The EUR/USD surged 150 pips on Wednesday, climbing to its highest level in two months after the US government said the economy barely expanded in the first quarter, dampening expectations for a June rate increase.
The EUR/USD climbed to 1.1160 in the New York session. It would subsequently consolidate at 1.1125, advancing 150 pips. The pair, which has been rising steadily since April 23, is trading at its highest level since late-February.
The technical indicators show a bullish outlook for the EUR/USD, despite entering overbought territory. The EUR/USD faces resistance at 1.1161. On the downside, initial support is located at 1.0897.
In Eurozone data, Germany’s annual inflation rate rose more than forecast in April, a sign deflationary pressures were slowly fading. Germany’s harmonized index of consumer prices, a gauge of German CPI relative to the European Union, increased 0.3% in the 12 months through April, following a 0.1% increase the previous month.
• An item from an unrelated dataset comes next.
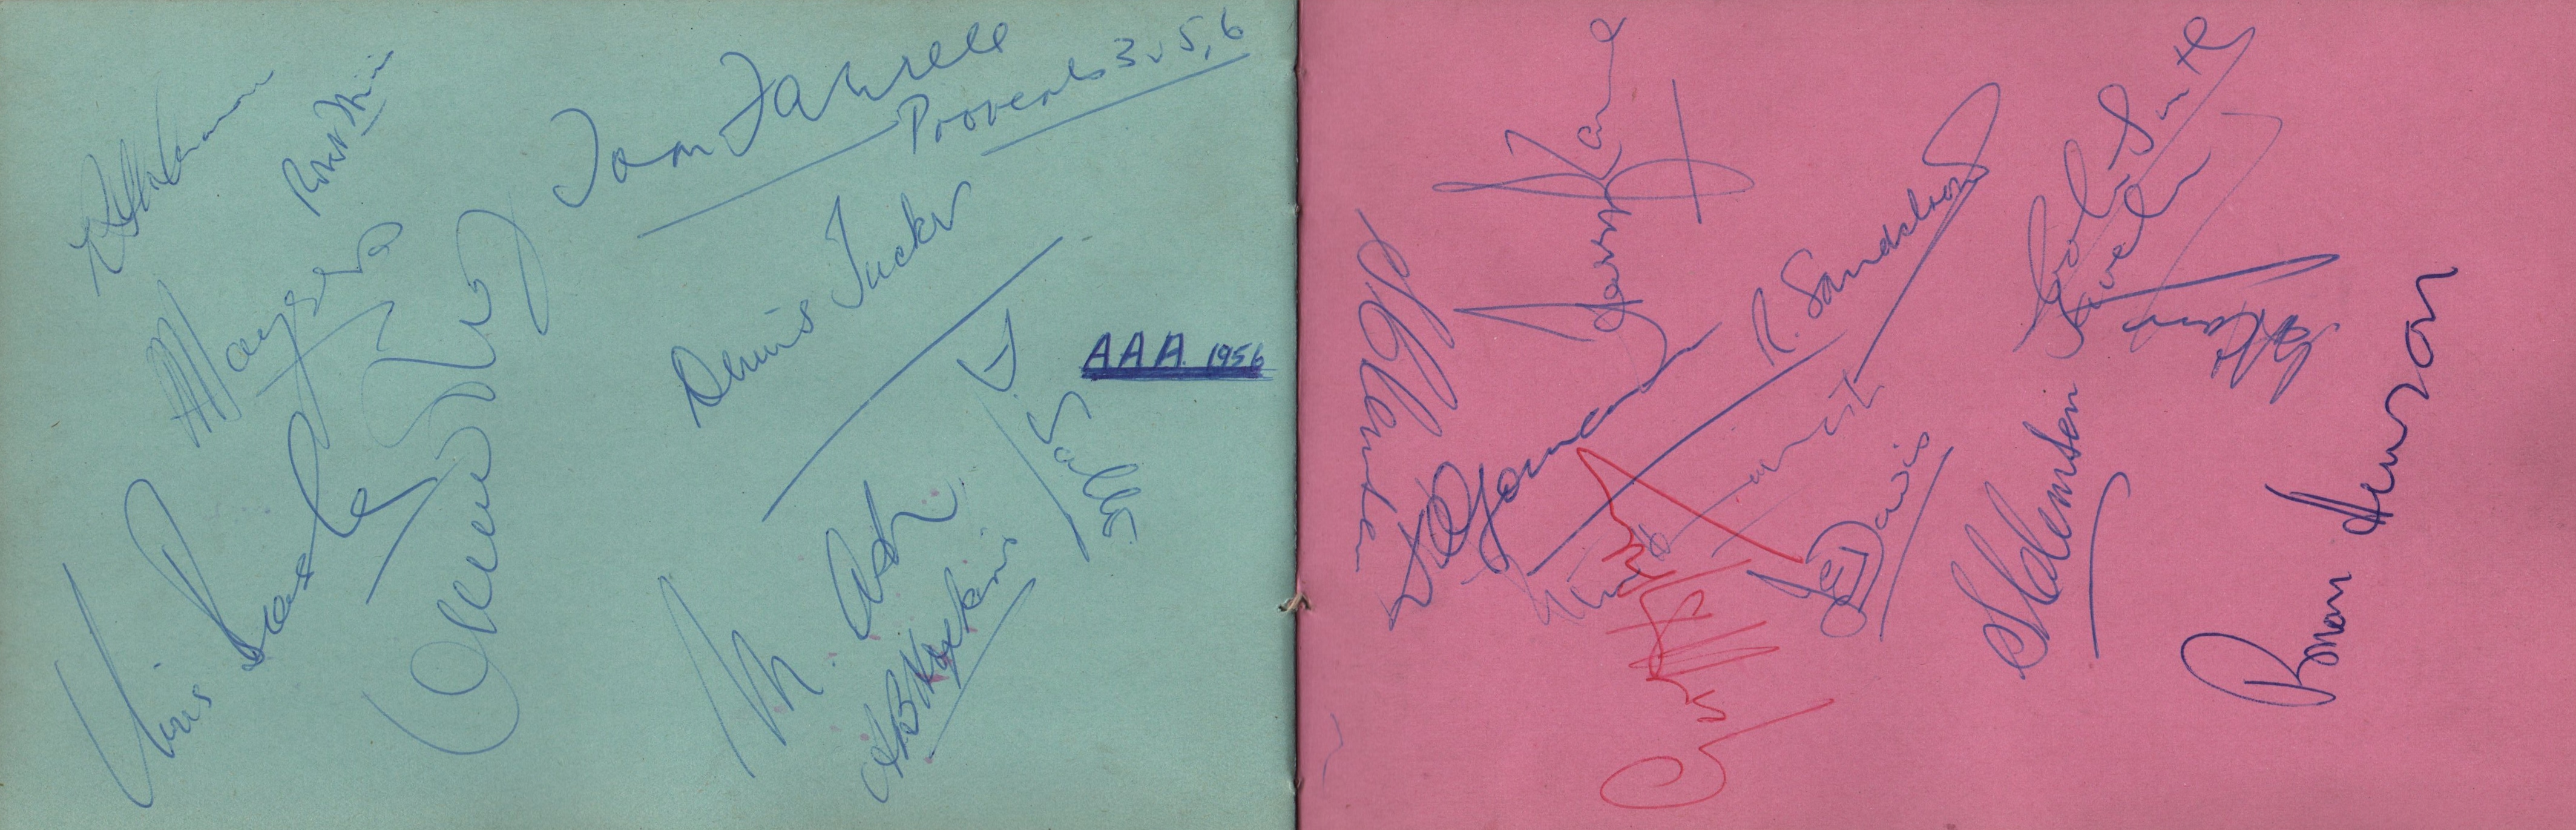 AUTOGRAPH ALBUM: An autograph album containing over 90 signatures by various cricket teams and - Image 14 of 16

The annual non-HICP inflation rate was 0.4% in April, official data showed.
The European Commission will report on euro-wide inflation on Thursday. The annual CPI rate in the Eurozone is forecast to be zero in April after declining 0.1% in March.
Weak US GDP figures were the main catalyst behind the euro’s newfound strength. The US economy expanded just 0.2% annually in the first quarter, as declining exports and weaker personal consumption expenditures weighed on output. The increase was well below the consensus forecast calling for a gain of 1%.
As a result, the US dollar declined across the board on Wednesday. The dollar index, which tracks the performance of the greenback against six currencies, plunged 1.1% to 95.00.
The dollar faced heavy losses against the British pound, which soared above 1.5400 USD on Wednesday. The GBP/USD reached a session high of 1.5467 before pulling back to 1.5439, a gain of more than 100 pips. The pair’s next resistance test is located at 1.5457.
The dollar plunged against the Swiss franc, as the USD/CHF fell 1.6% to 0.9400.
A dovish Federal Reserve will keep the dollar on its heels for the foreseeable future. Weak US data will keep the central bank’s foot off the pedal and ensure that interest rates remain low for longer than previously forecast. According to analysts, a rate increase before September is unlikely given the economy’s recent slowdown.